UGA is partnering with Makerere University in Kampala, Uganda, to train Ugandan scientists in new and emerging methods increasingly important in understanding the complex transmission dynamics of HIV and Mycobacterium tuberculosis, the bacterium responsible for tuberculosis.

According to the World Health Organization, TB infections now rival HIV/AIDS as a leading cause of death from infectious diseases. Persons co-infected with TB and HIV are estimated to be 27-32 times more likely to develop active TB disease than persons without HIV.
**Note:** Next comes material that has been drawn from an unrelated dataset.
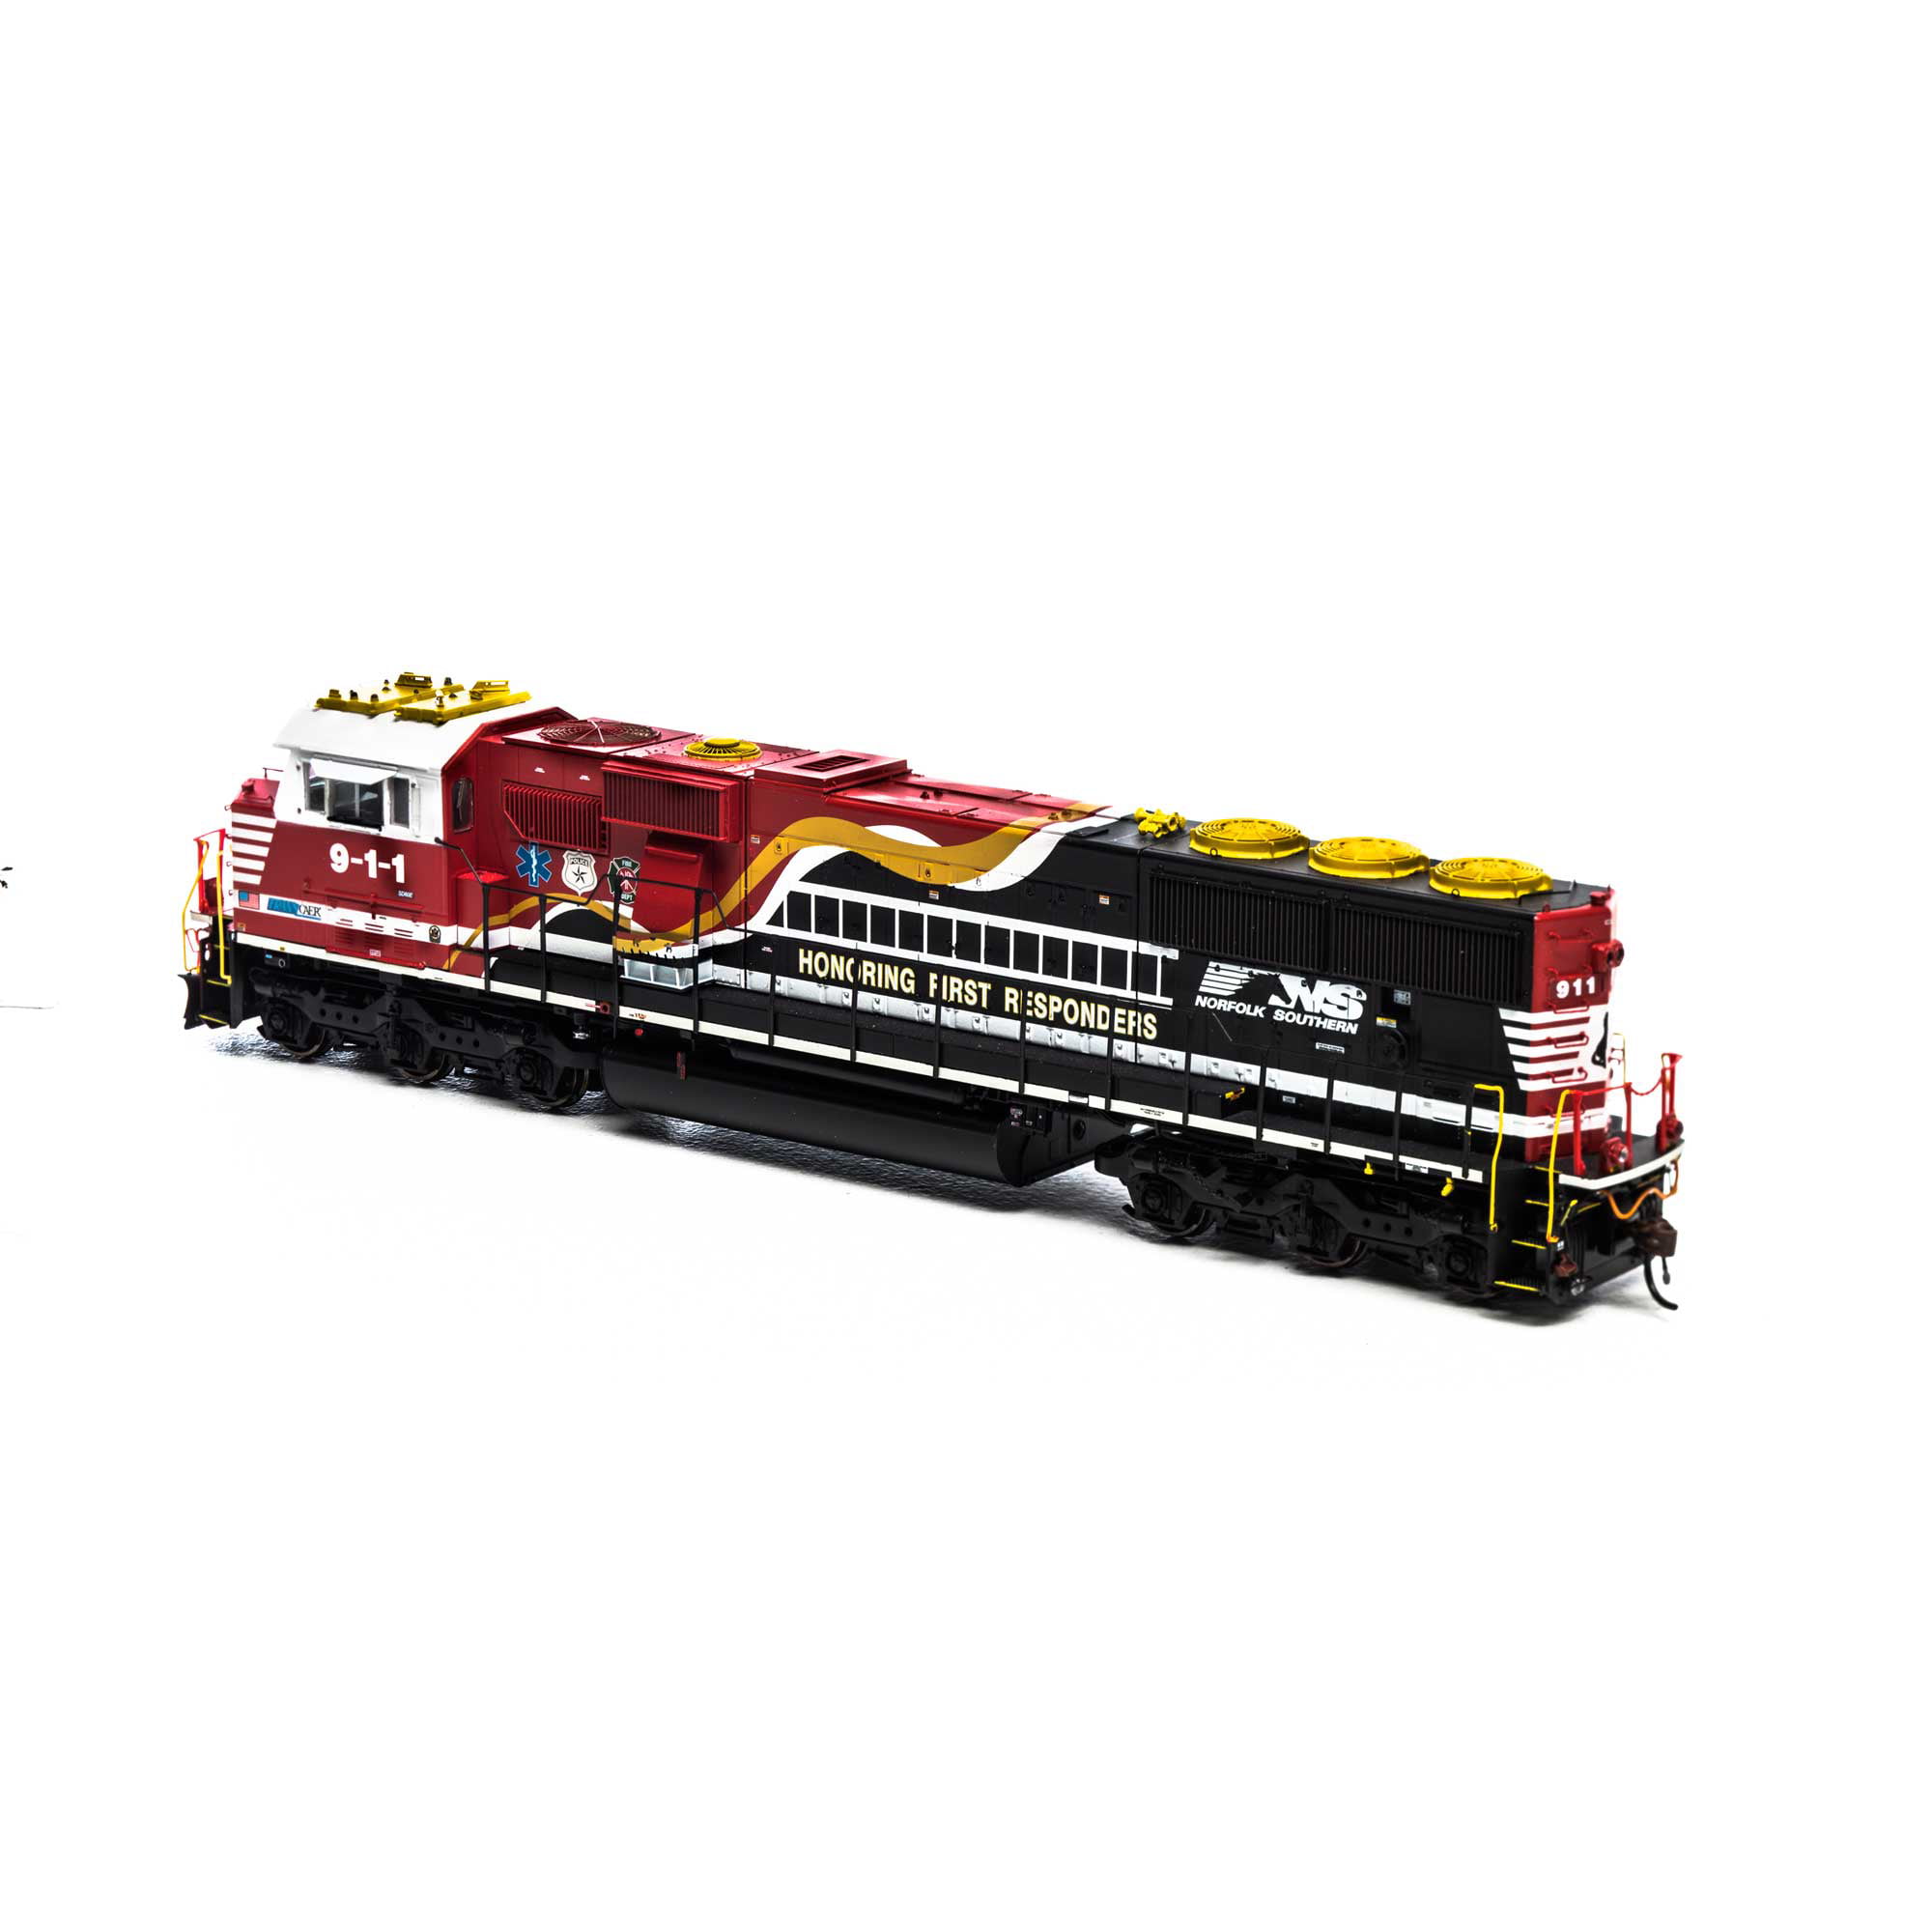 Athearn Genesis HO Sd60e Norfolk Southern ATHG65250 First Responder 911 Last One for sale online

“Infectious diseases do not respect human political borders,” said Dr. Christopher Whalen, the grant’s principal investigator and the Ernest Corn Professor of Infectious Disease Epidemiology in the UGA College of Public Health. “What is in Africa today could be in the U.S. tomorrow. Remember the concern about Ebola? It is better to contain infectious diseases at their source. To do this, you must build capacity in areas where the disease is most serious.”

UGA will use the five-year grant to enhance computational and molecular epidemiology training in tuberculosis and HIV in Uganda. To achieve this goal, the program will train two predoctoral students in molecular and computational epidemiology, offer non-degree technical training in computational epidemiology and bioinformatics, and support a variety of additional research and training activities in Uganda.

Training will be integrated into ongoing research projects Whalen is leading to investigate how social interactions that make up daily life in Uganda contribute to TB transmission in the context of a mature HIV epidemic.

Bioinformatics and computational epidemiology are currently not available in Uganda. “Disease transmission is difficult to study because it involves a community,” Whalen said. “Since it is not possible to study everyone in a community, we use the molecular and computational approaches to infer patterns of transmission within the community.”